This page provides an introduction to the "Accelerated Image Classification via Binary Neural Network" (short AIC) design example.
This design example demonstrates how moving software implemented neural networks can be dramatically accelerated via Programmable Logic. In this design a Binary Neural Network (BNN) is implemented. Depending on silicon platform an acceleration of 6,000 to 8,000 times is demonstrated. Via the graphical user interface the user can see metrics, images and classification results.

The work is based on top of the work of the Xilinx Research Lab. More information can be found here:
Inference of quantized neural networks on heterogeneous all-programmable devices (DATE 2018)
FINN: A Framework for Fast, Scalable Binarized Neural Network Inference (FPGA 2017)
Scaling Binarized Neural Networks on Reconfigurable Logic (PARMA-DITAM 2017)
Scaling Neural Network Performance through Customized Hardware Architectures on Reconfigurable Logic (ICCD 2017)
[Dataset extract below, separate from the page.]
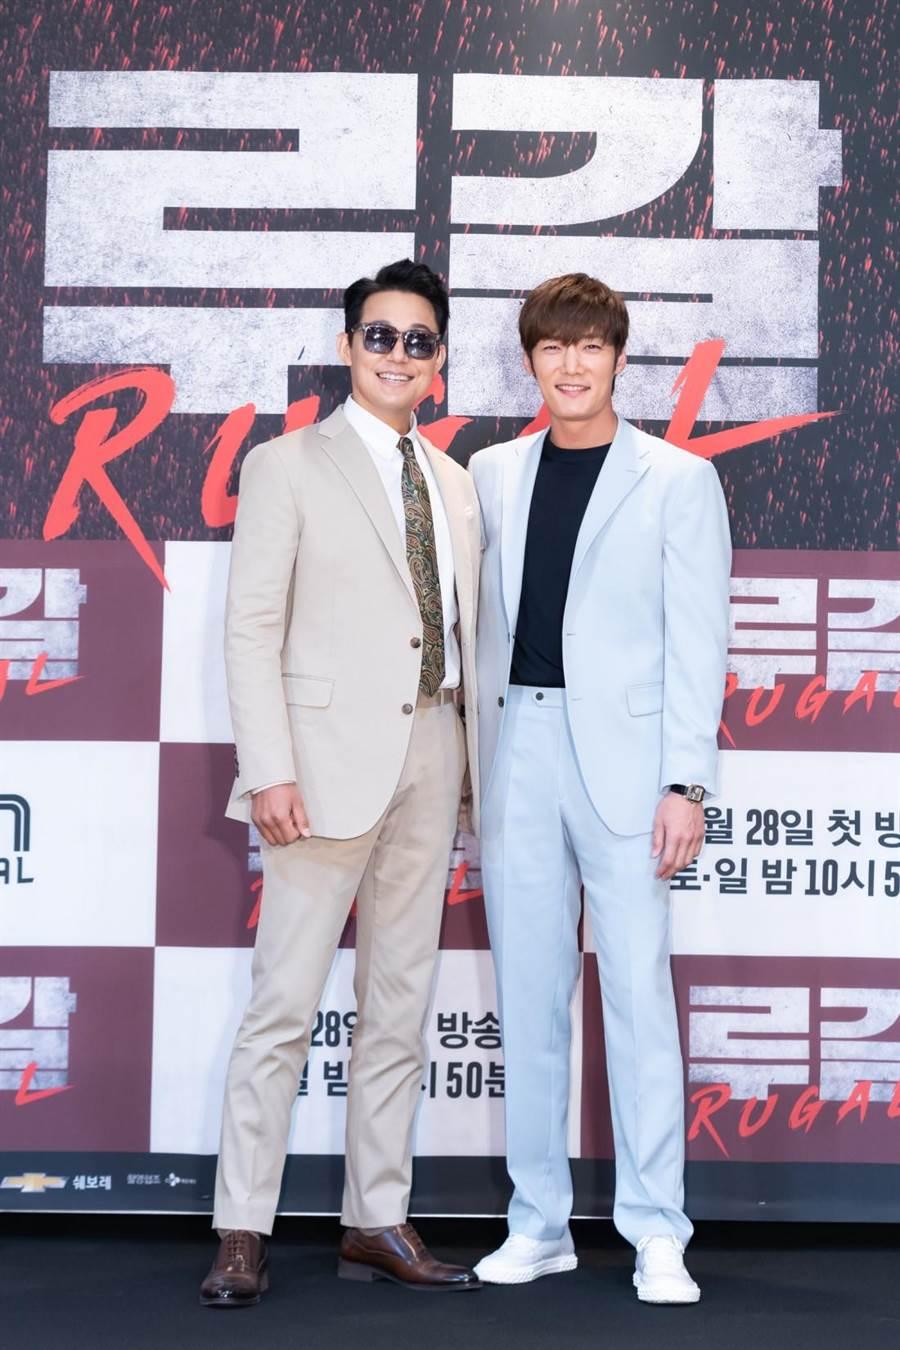 朴誠雄(左)與崔振赫兩人第一次碰面的地點是健身房。(Netflix提供)

You can also checkout following repositories:

The AIC Demo is available for following Platforms:
Rev D2
Rev D

Document History

Description of Revisions
Andreas Schuler
Initial Document
Andreas Schuler
first release
Andreas Schuler
Add reference to Xilinx Research Lab
Please note:
A section about training the BNN is in progress and will be added soon.


Implementation Details
Design Type
SW Type
PetaLinux/Ubuntu, QT5.4.2, OpenCV-3.3.0
Quad A53
PS Features
DDR, GPU, Mali400
PL Cores
ZCU102 or Ultra96, USB Hub, Mouse, Logitech HD Pro Webcam C920,
UHD or HD DisplayPort Monitor
Xilinx Tools Version
Vivado 2017.3
Other Details
Vivado Base

Files Provided
Image of AIC Demo for ZCU102 and Ultra96
Zip file (Vivado/HLS/Petalinux project)
Printable Roadsigns

1. Description/Summary

This example demonstrates how this image classification design developed by Xilinx can rapidly classify German road signs with a ZCU102 or Ultra96board. This is done using a Binary Neural Network (BNN) implemented in FPGA logic. The image source for the design is either a database with road sign images or a USB-webcam. The output of the BNN is shown on a Monitor. The application can be controlled with a GUI that allows is changing the image sources, and to start and stop the classification process. The GUI is implemented using the Ubuntu Desktop is running on top of a Petalinux on the Processing system. Below you can see the structure of the GUI. On the left side you see the current classified image and the performance of the BNN. To the right of the large status window are the last three classified images with top-5 results are shown. An explanation on how to control the application can be found in section Run the design.

Fig. 1.1 GUI Overview

The Accelerated Image Classification via Binary Neural Network design example classifies a road sign found in a scene.
The 1080p scene is resized to 4 layers, each layer is tiled by a 32x32 pixel kernel, this results in 202 tiles.
- 1st layer: 54x32 pixel, 6 tiles
- 2nd layer: 78x44 pixel, 36 tiles
- 3rd layer: 110x64 pixel, 160 tiles

The horizontal and vertical strides are 4 pixel ~13%.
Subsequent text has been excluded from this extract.